_Collected material_:
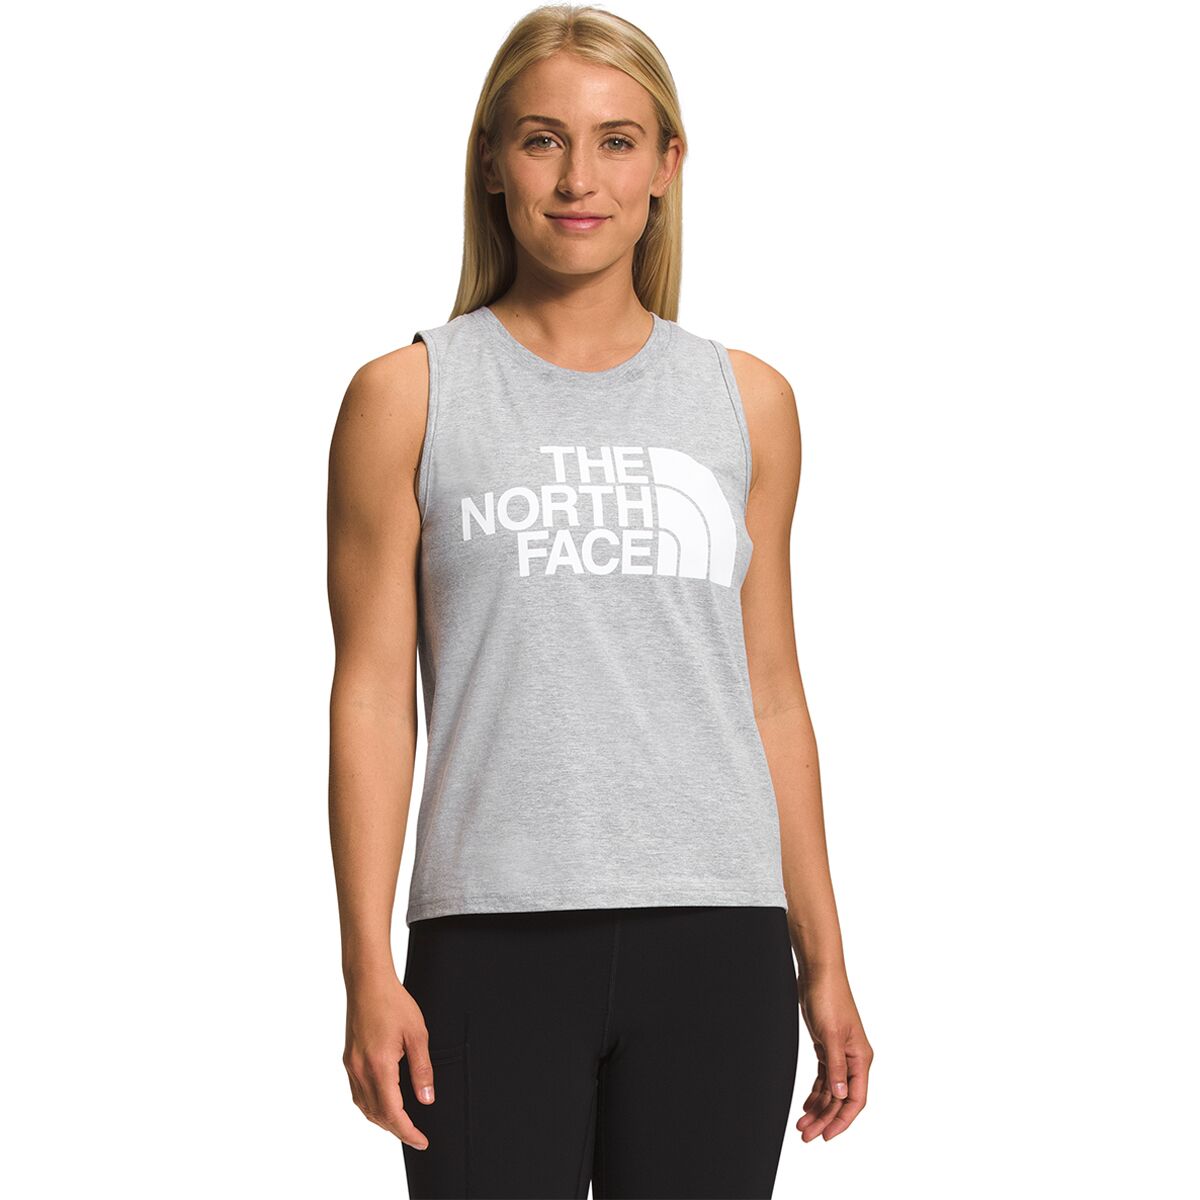 The North Face Half Dome Tank Top - Women's
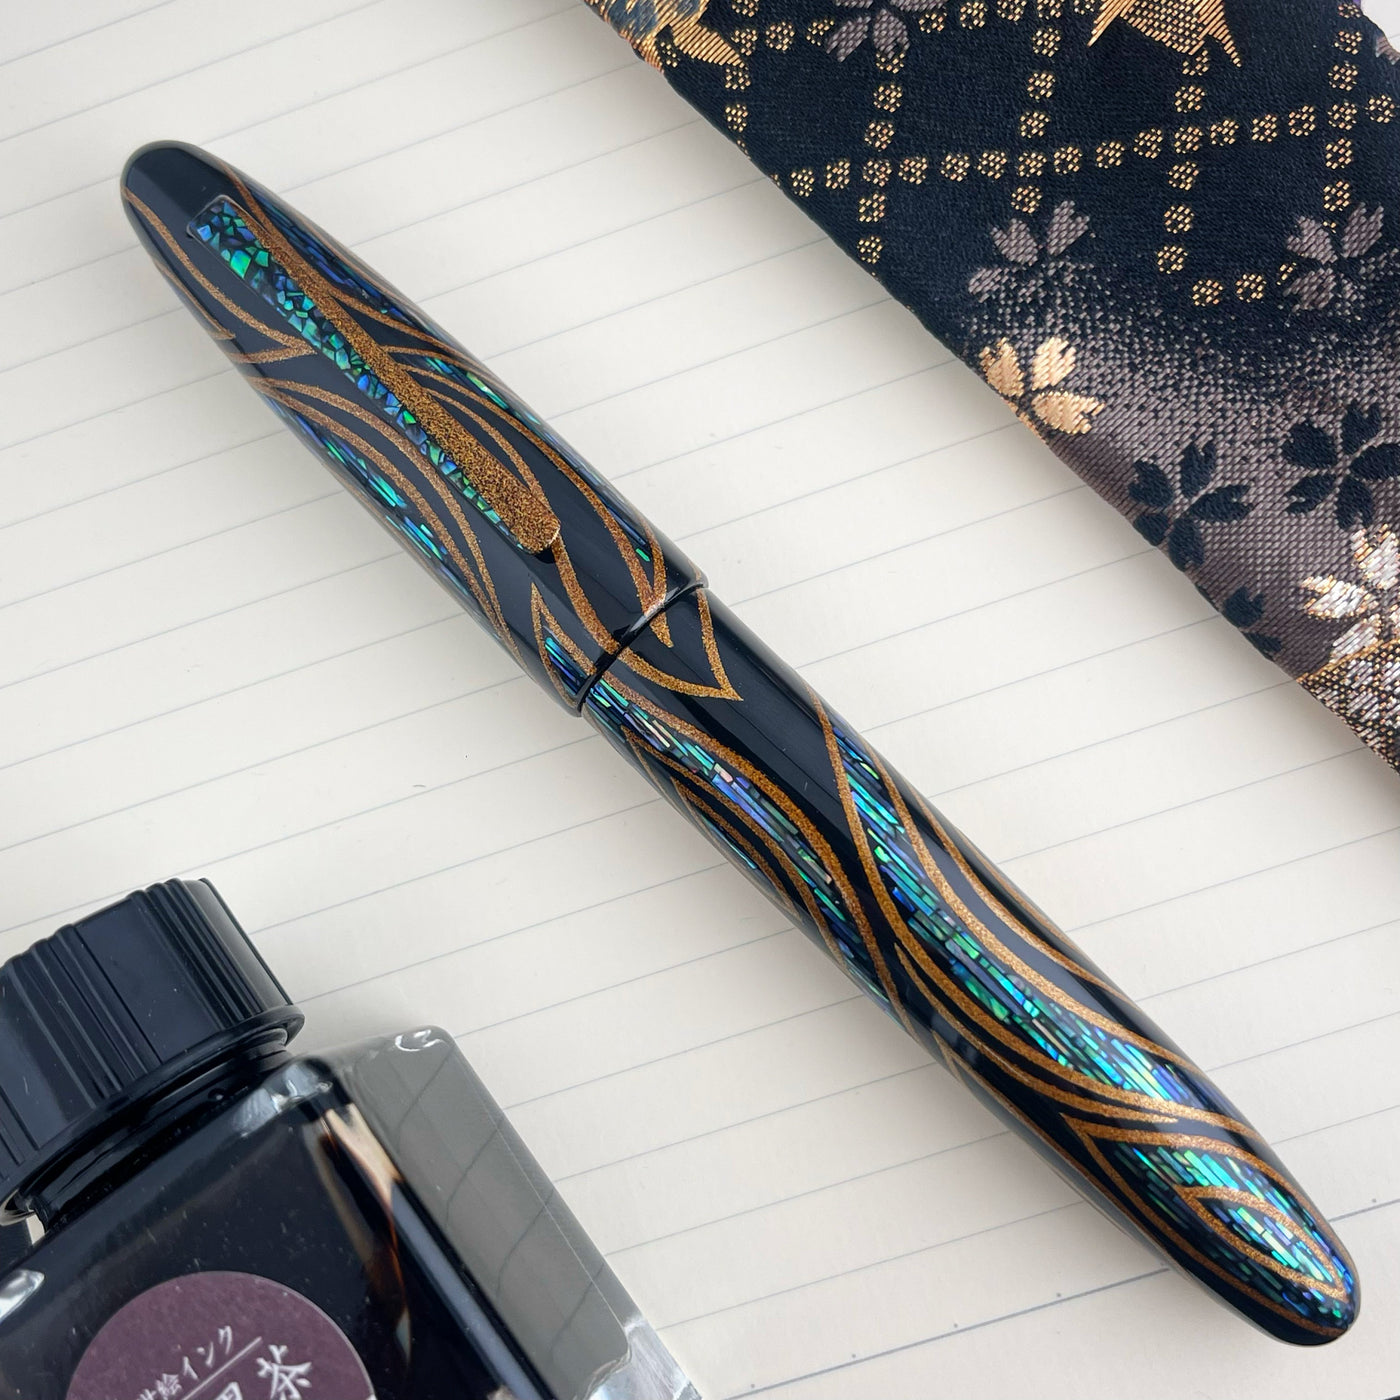 TACCIA Myabi Empress Fountain Pen - Fossils in the Sky - Sunset Peacock (Limited Edition)
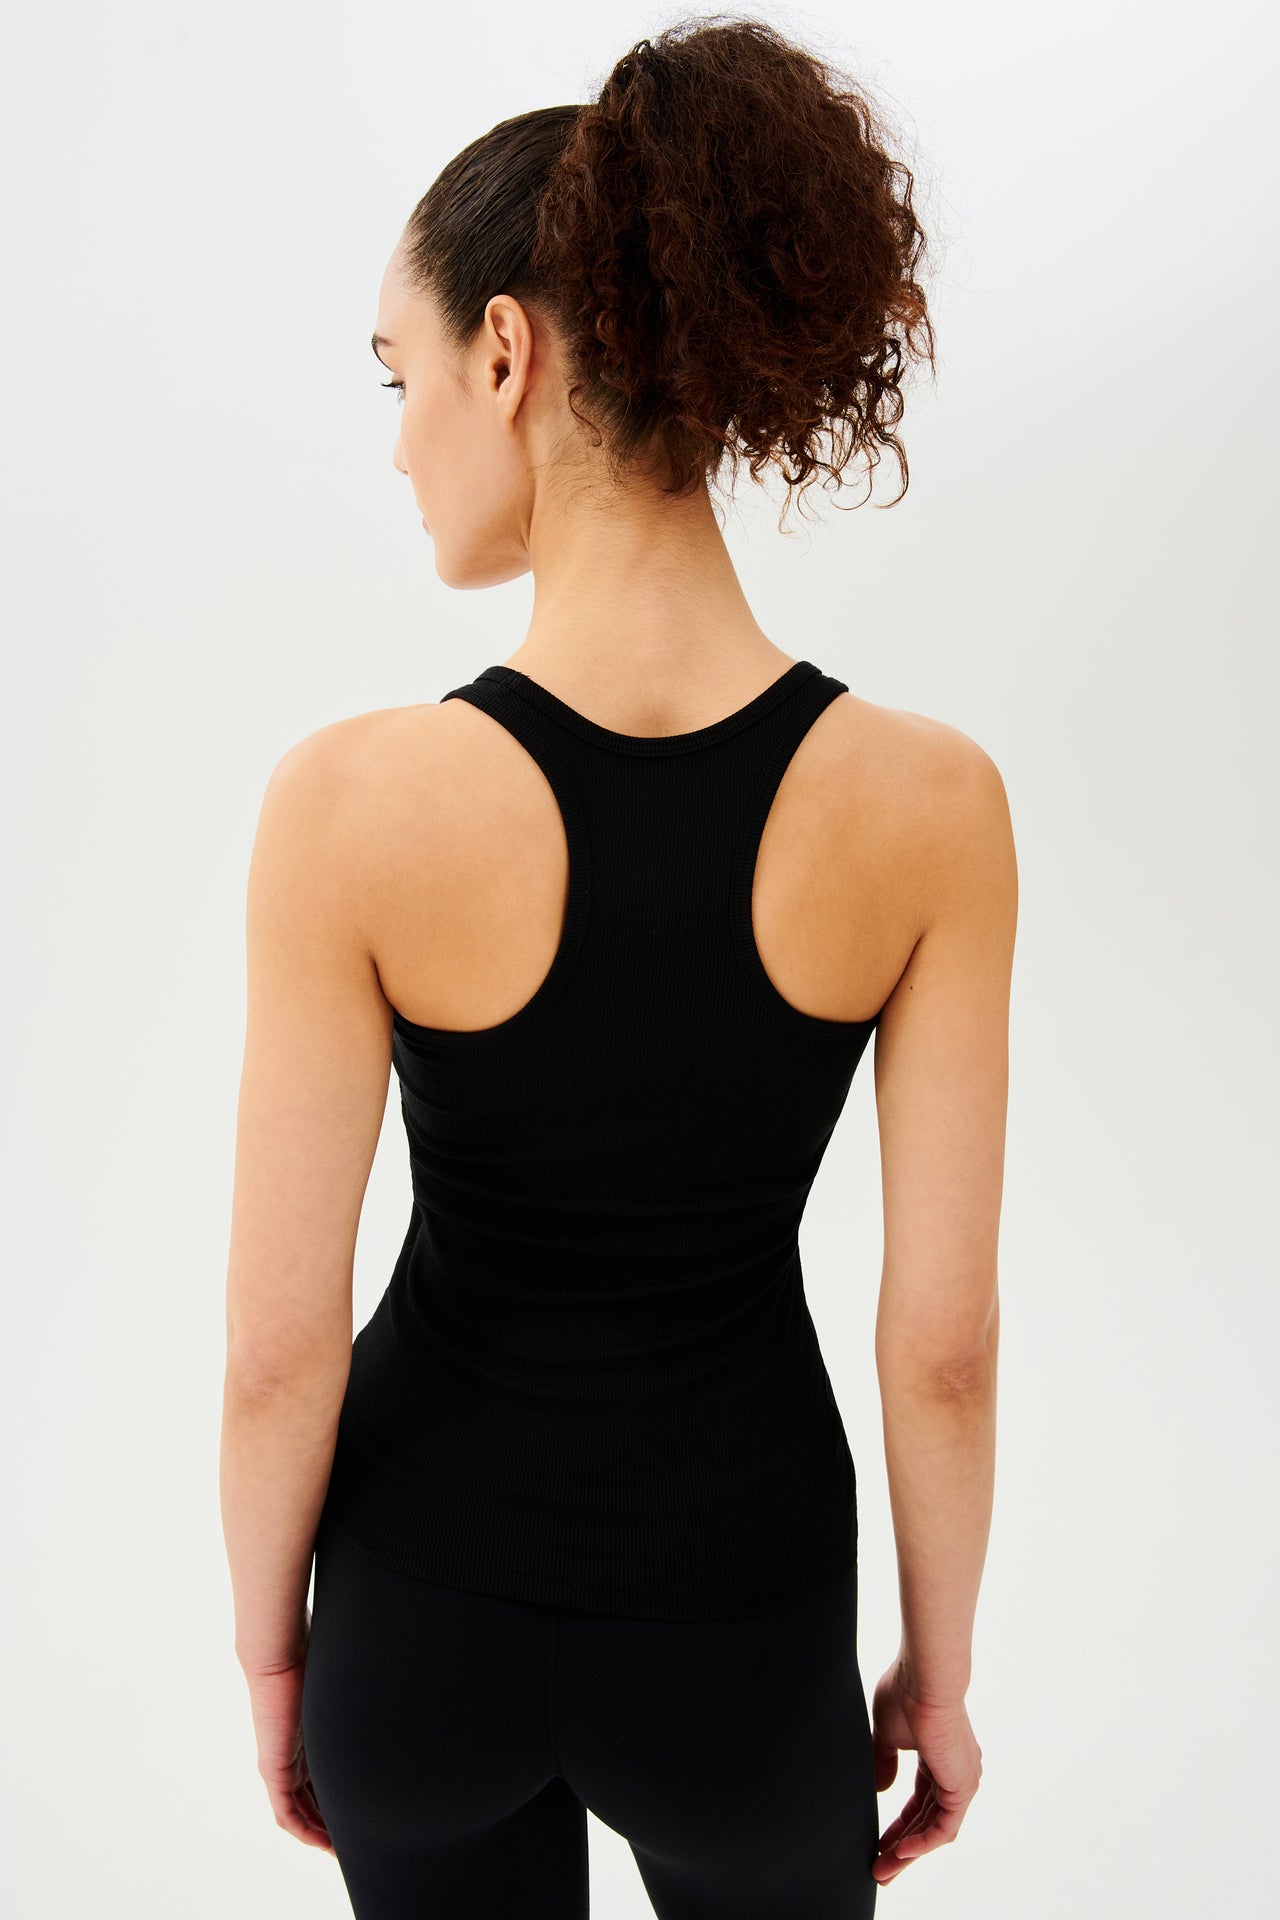 Back view of girl wearing a black tank top and black leggings

_Assigned task_: Please provide a faithful transcription of all the data, pictures excluded.

_Exercise output_:
 The North Face Half Dome Tank Top - Women's
 TACCIA Myabi Empress Fountain Pen - Fossils in the Sky - Sunset Peacock (Limited Edition)
 Back view of girl wearing a black tank top and black leggings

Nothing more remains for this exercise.